Big purchases such as a first home were largely to blame for the stress, with 55 per cent of people in this age group nominating rising rents and mortgage repayments as their biggest financial concern, according to the Galaxy Australian Debt Study…

“While most Australians are trying to be financially responsible, it is worrying that people aged 25 to 34 appear to be feeling the greatest strain,” Matthew Strassberg, senior adviser at Veda, the debt investigation company which conducted the survey.

The survey also found 15 per cent of people in this age group were likely to apply for more credit over the next six months, compared with 9 per cent in the remainder of the population.

This is where it can all go wrong, Mr Strassberg said.

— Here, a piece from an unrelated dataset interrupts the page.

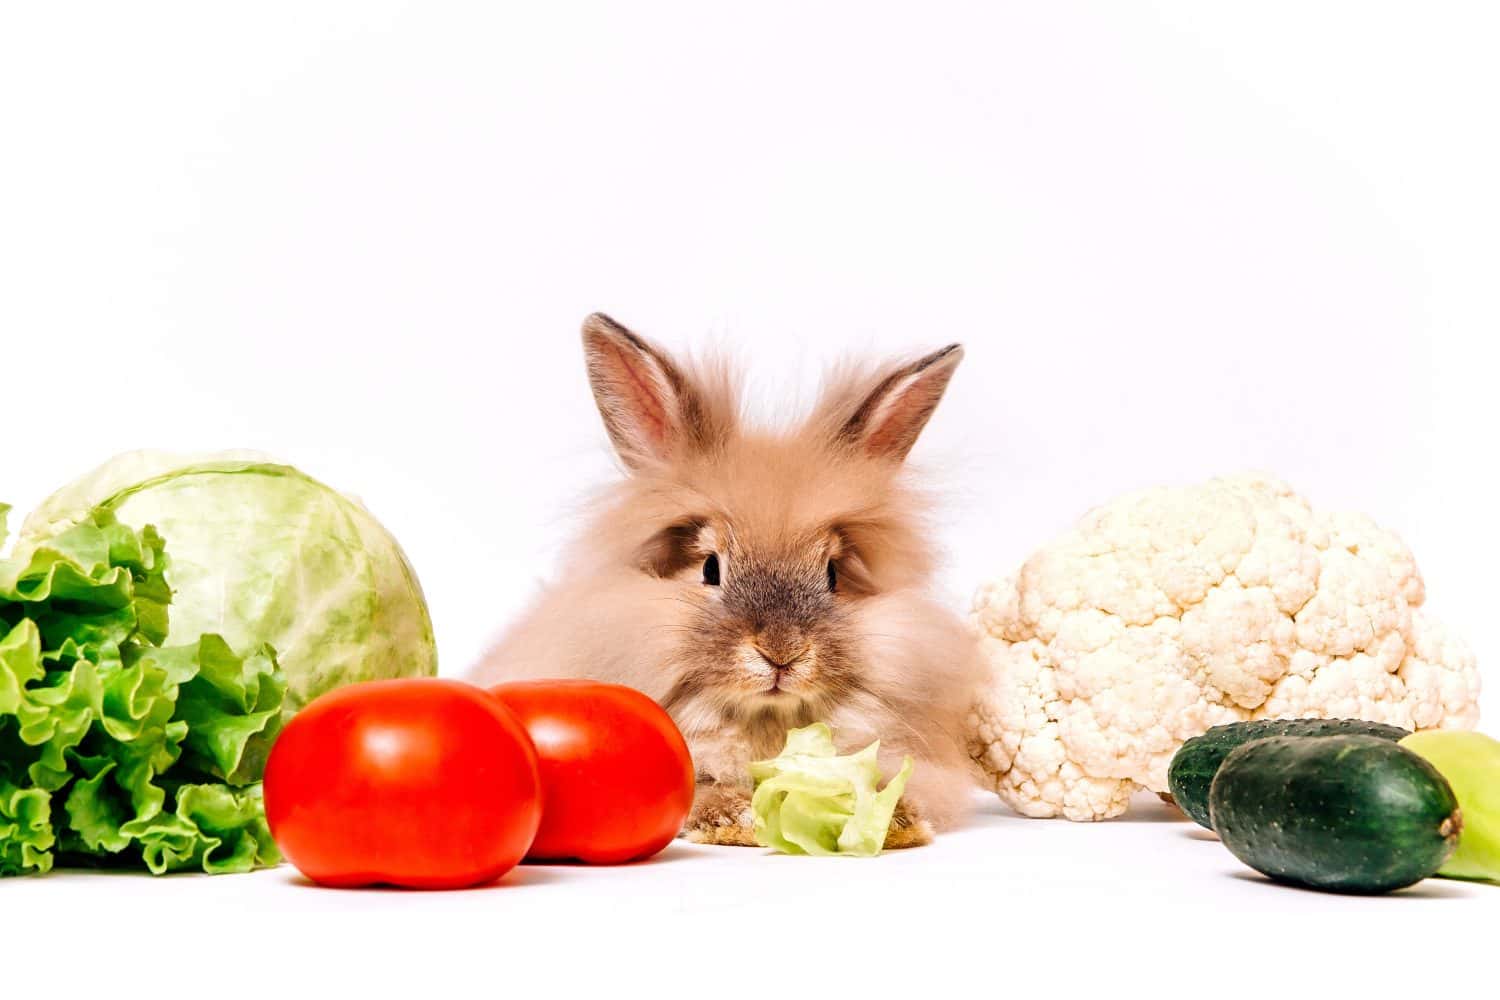 Un coniglietto rosso è seduto tra le verdure.  Il concetto di alimentazione sana.  Cibo sano per lepri.  Alimenti che il coniglio mangia cavolfiore, lattuga, pomodoro e cetriolo

“It is concerning that there are people struggling with their current debt levels but are turning to more credit as the answer, potentially edging closer to a debt spiral,” he said.

“While people can have large credit commitments, the debt spiral begins when a person starts slipping behind on payments and seeks yet more credit as the solution.”

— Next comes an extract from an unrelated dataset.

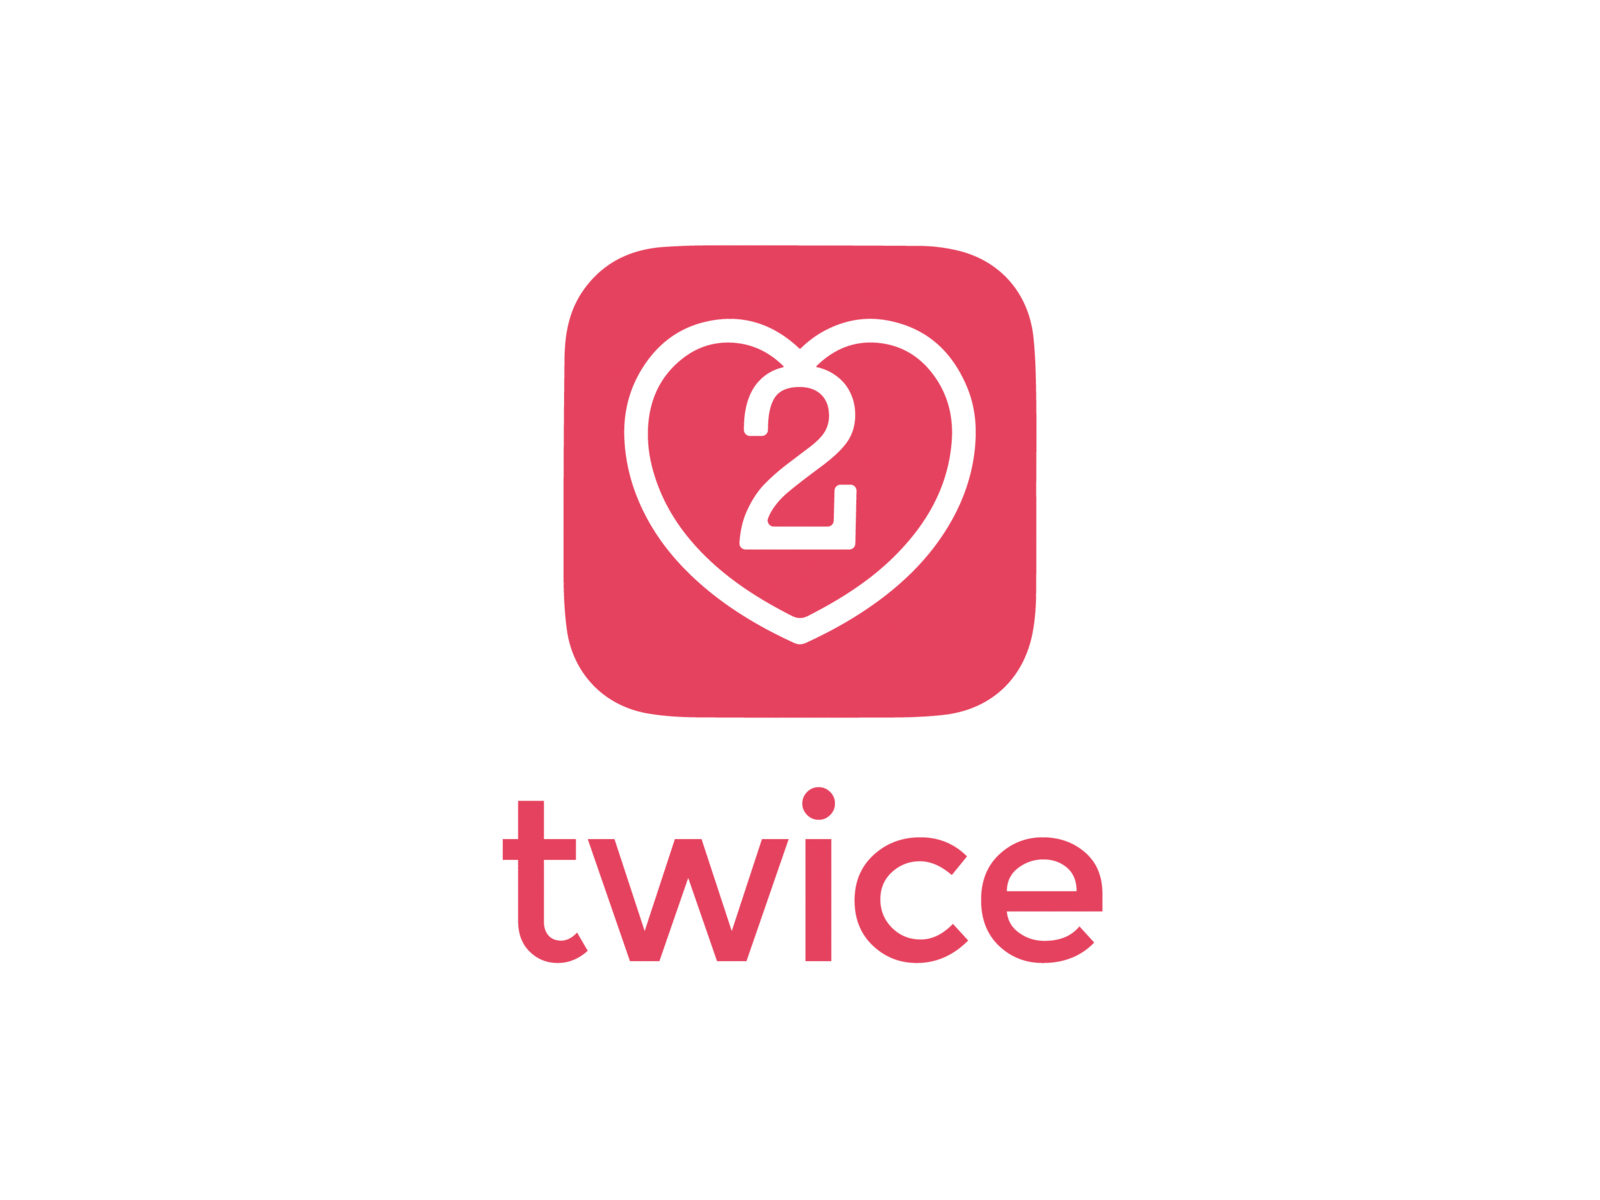 "Dating app" logo app app logo branding dailylogochallenge datingapp heart logo mobile app twice two vector

The bi-annual Galaxy survey reveals Australians are facing unprecedented levels of debt stress as 82 per cent of the population worry about meeting debt repayments, up from 75 per cent in September 2010…

The research also suggested one in five Australians were struggling to pay off their credit commitments.

As a means of coping with the stress of debt, 87 per cent of consumers have chosen to cut back on everyday spending and lifestyle, 49 per cent have cut back on groceries and 35 per cent received assistance from family or friends…

“Borrowing from family and friends is common, so is wanting to access superannuation early.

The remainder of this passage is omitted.